__Work instruction__: Every line below must be reproduced exactly; no pictures are to be included.

__Data segment__:
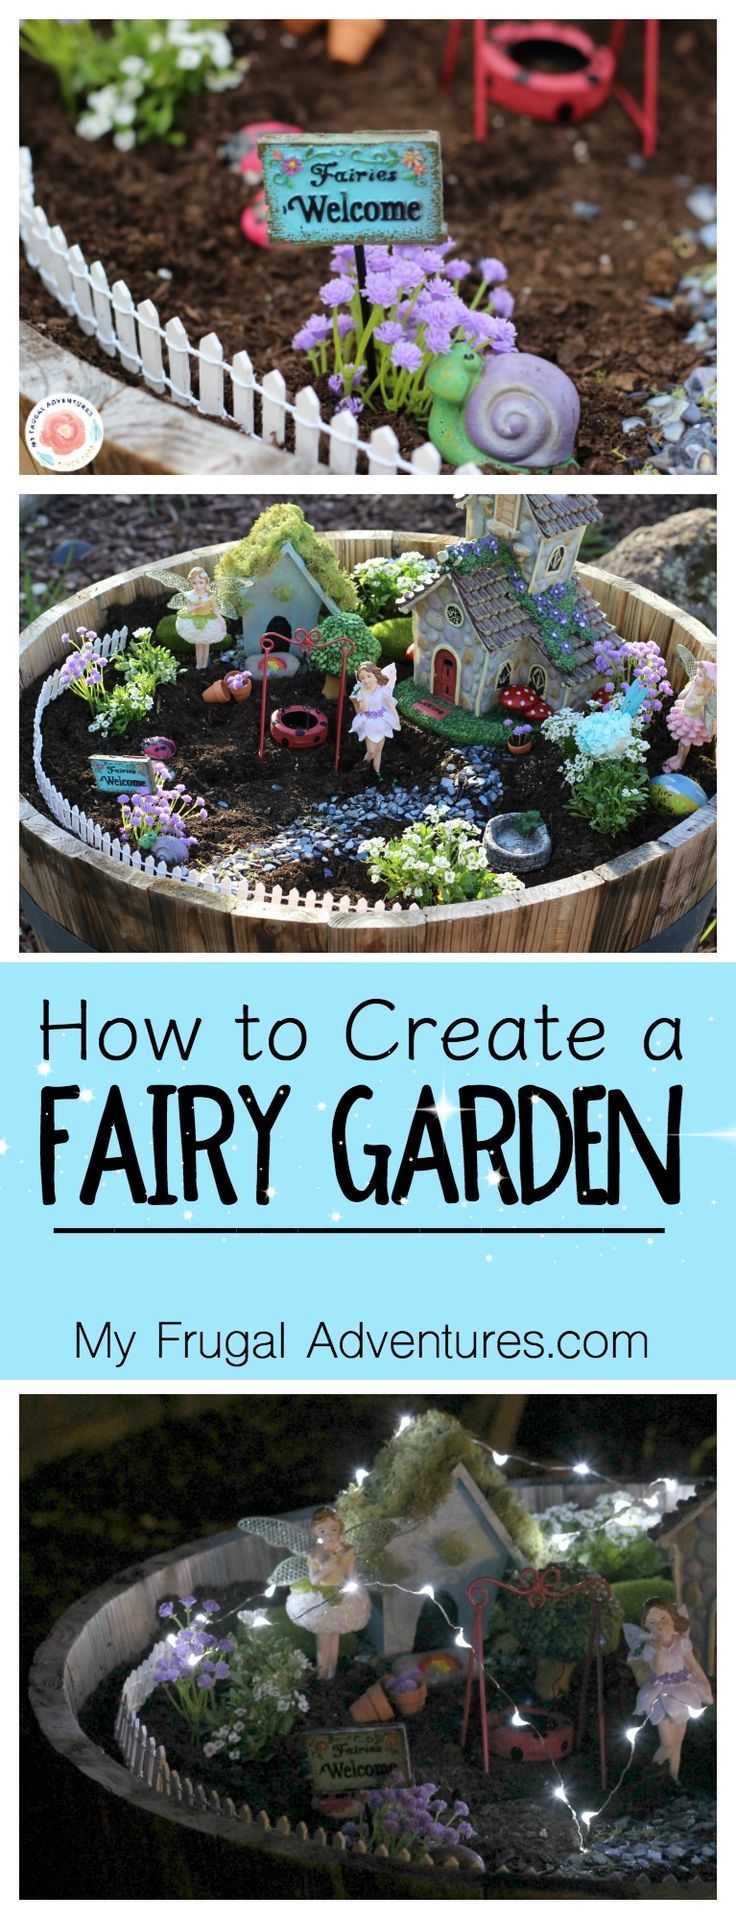 How to Make a Fairy Garden {for Indoor or Outdoor
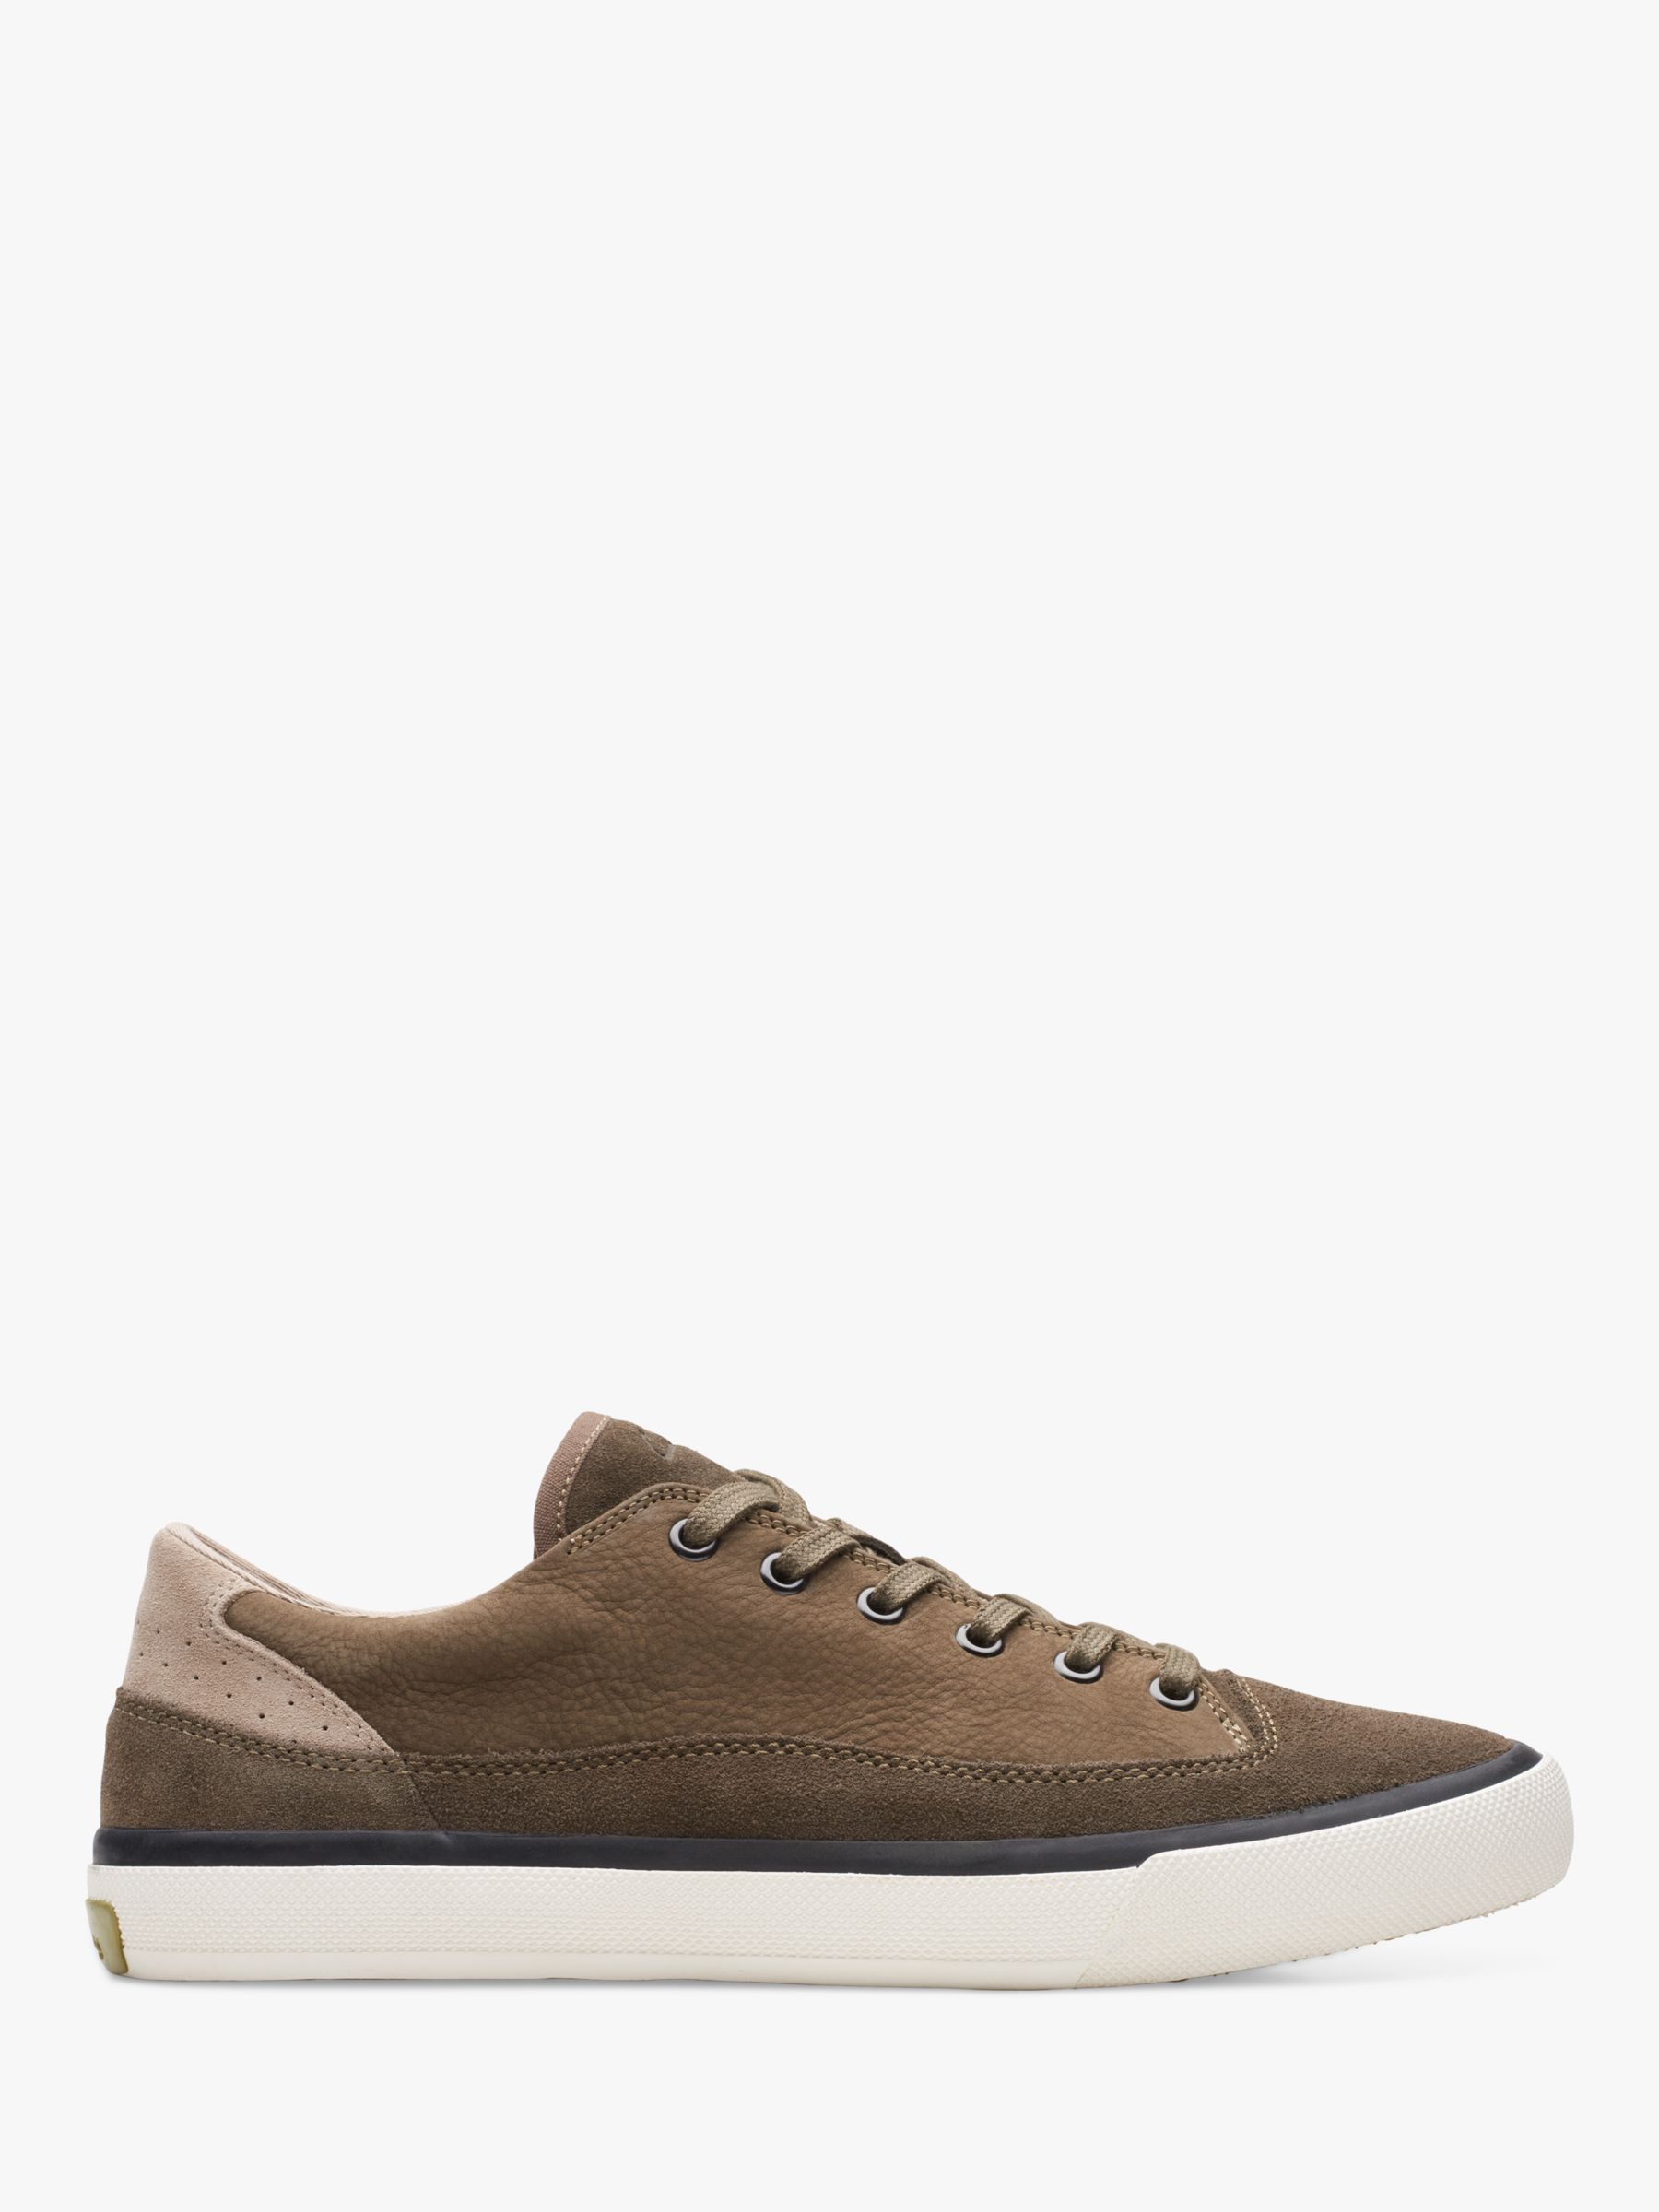 Clarks Aceley Lo Leather Trainers, Dark Olive Combi at John Lewis ...
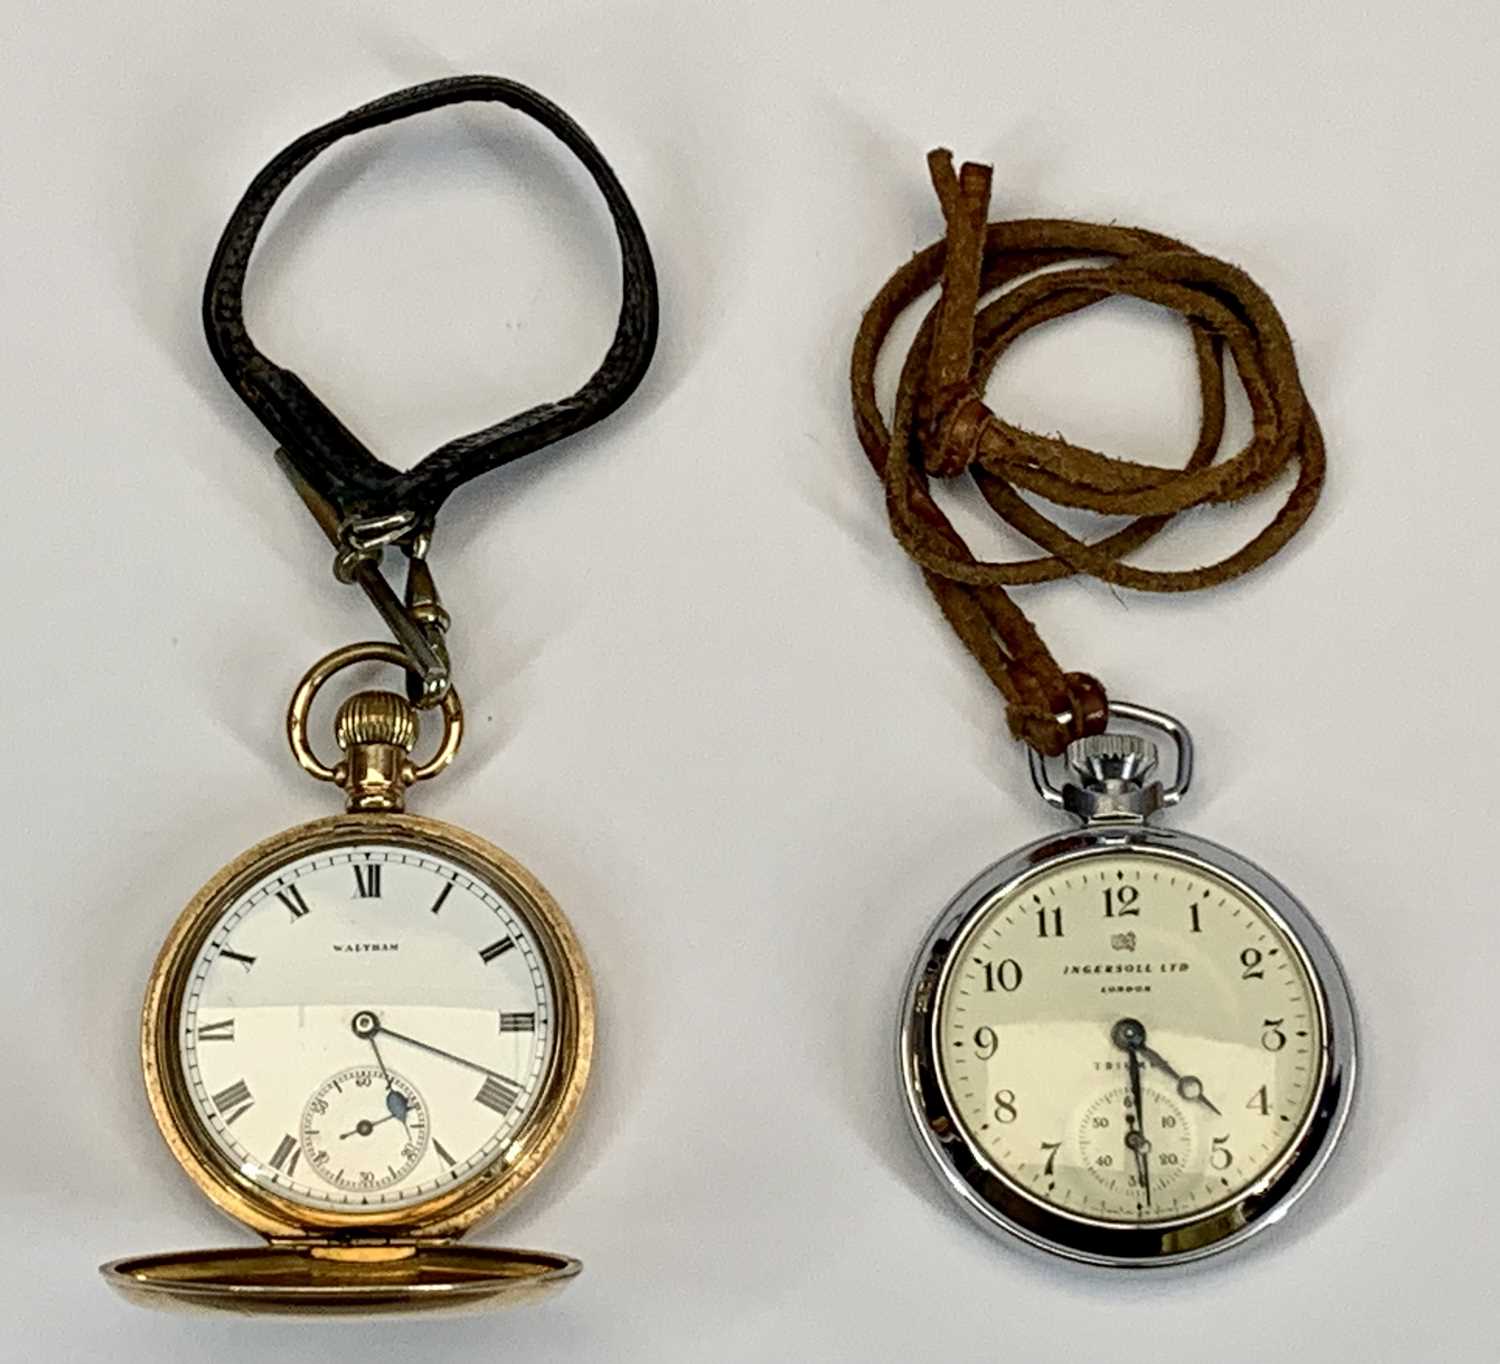 WALTHAM GOLD PLATED FULL HUNTER POCKET WATCH - top wind, white enamel dial with black Roman numerals
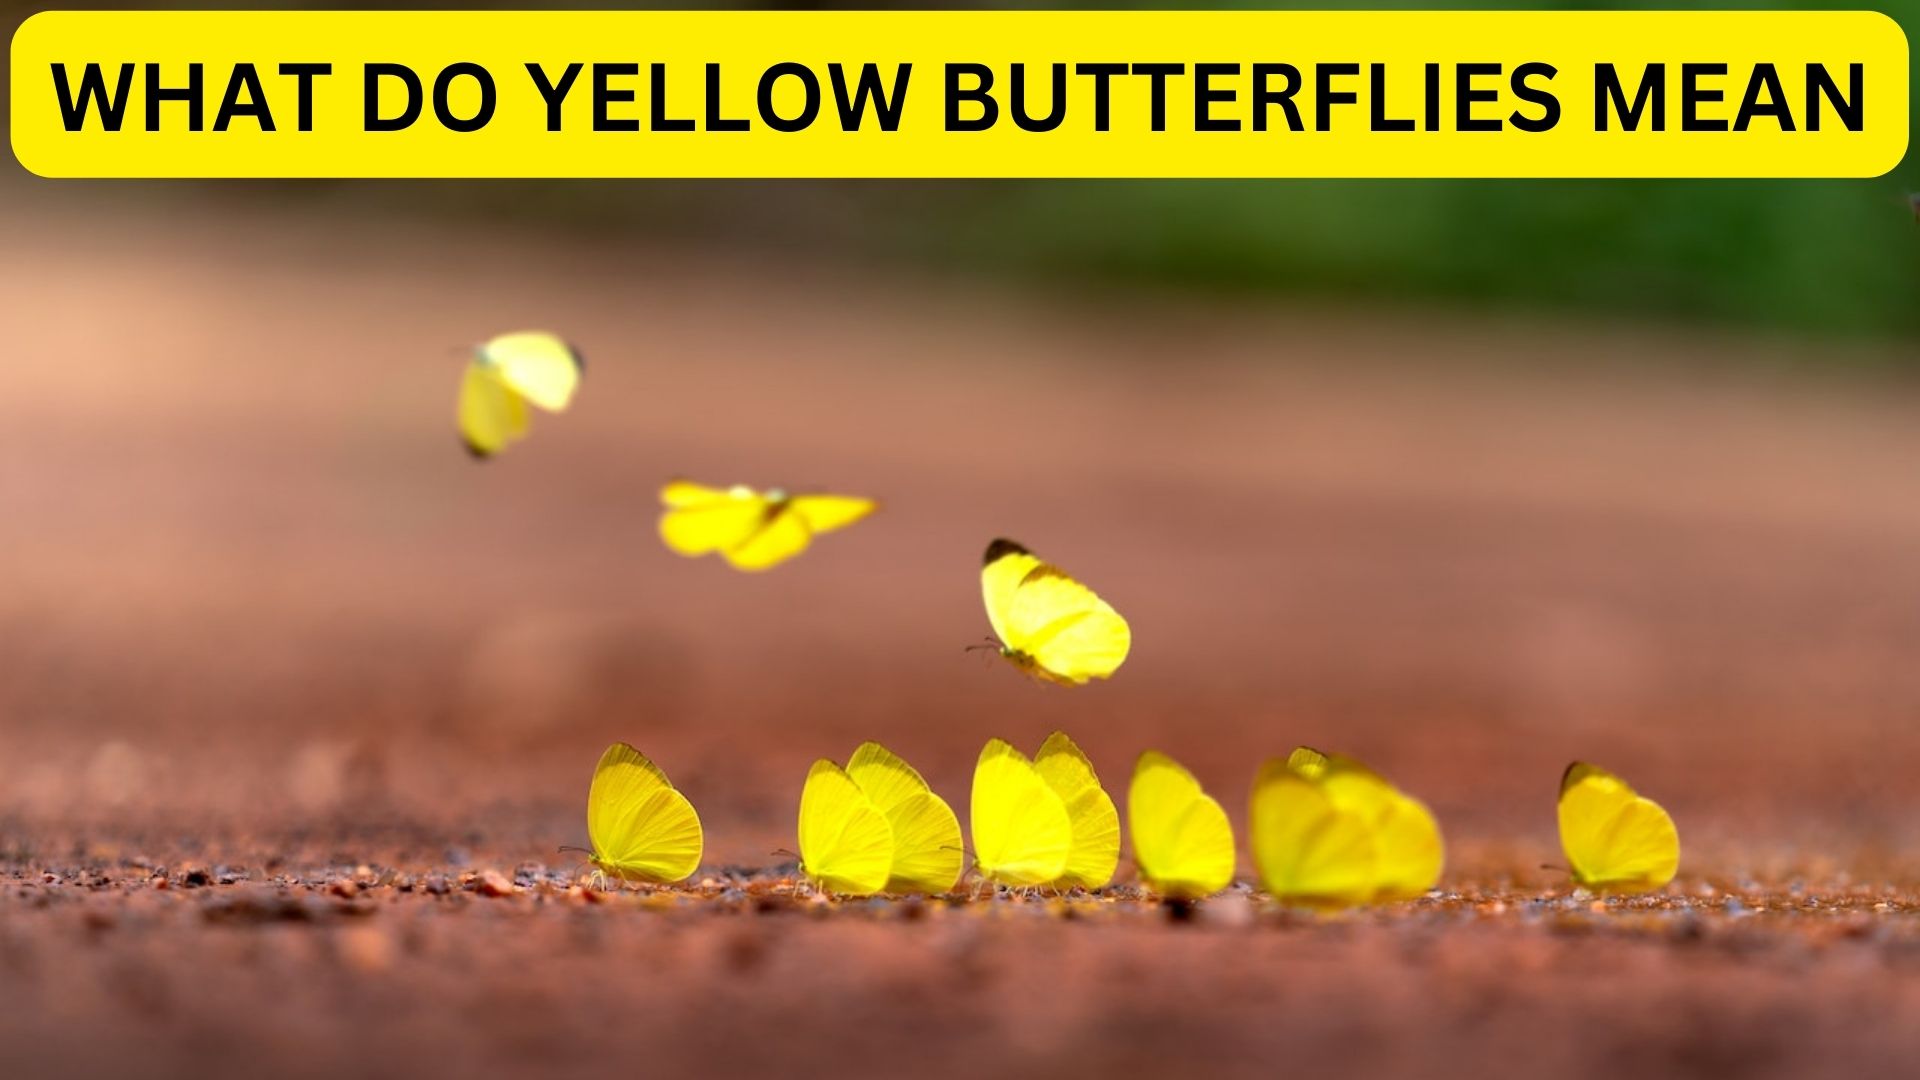 What Do Yellow Butterflies Mean? New Life And Rebirth

__Answer to the problem__:
 How to Make a Fairy Garden {for Indoor or Outdoor
 Clarks Aceley Lo Leather Trainers, Dark Olive Combi at John Lewis ...
 WALTHAM GOLD PLATED FULL HUNTER POCKET WATCH - top wind, white enamel dial with black Roman numerals
 What Do Yellow Butterflies Mean? New Life And Rebirth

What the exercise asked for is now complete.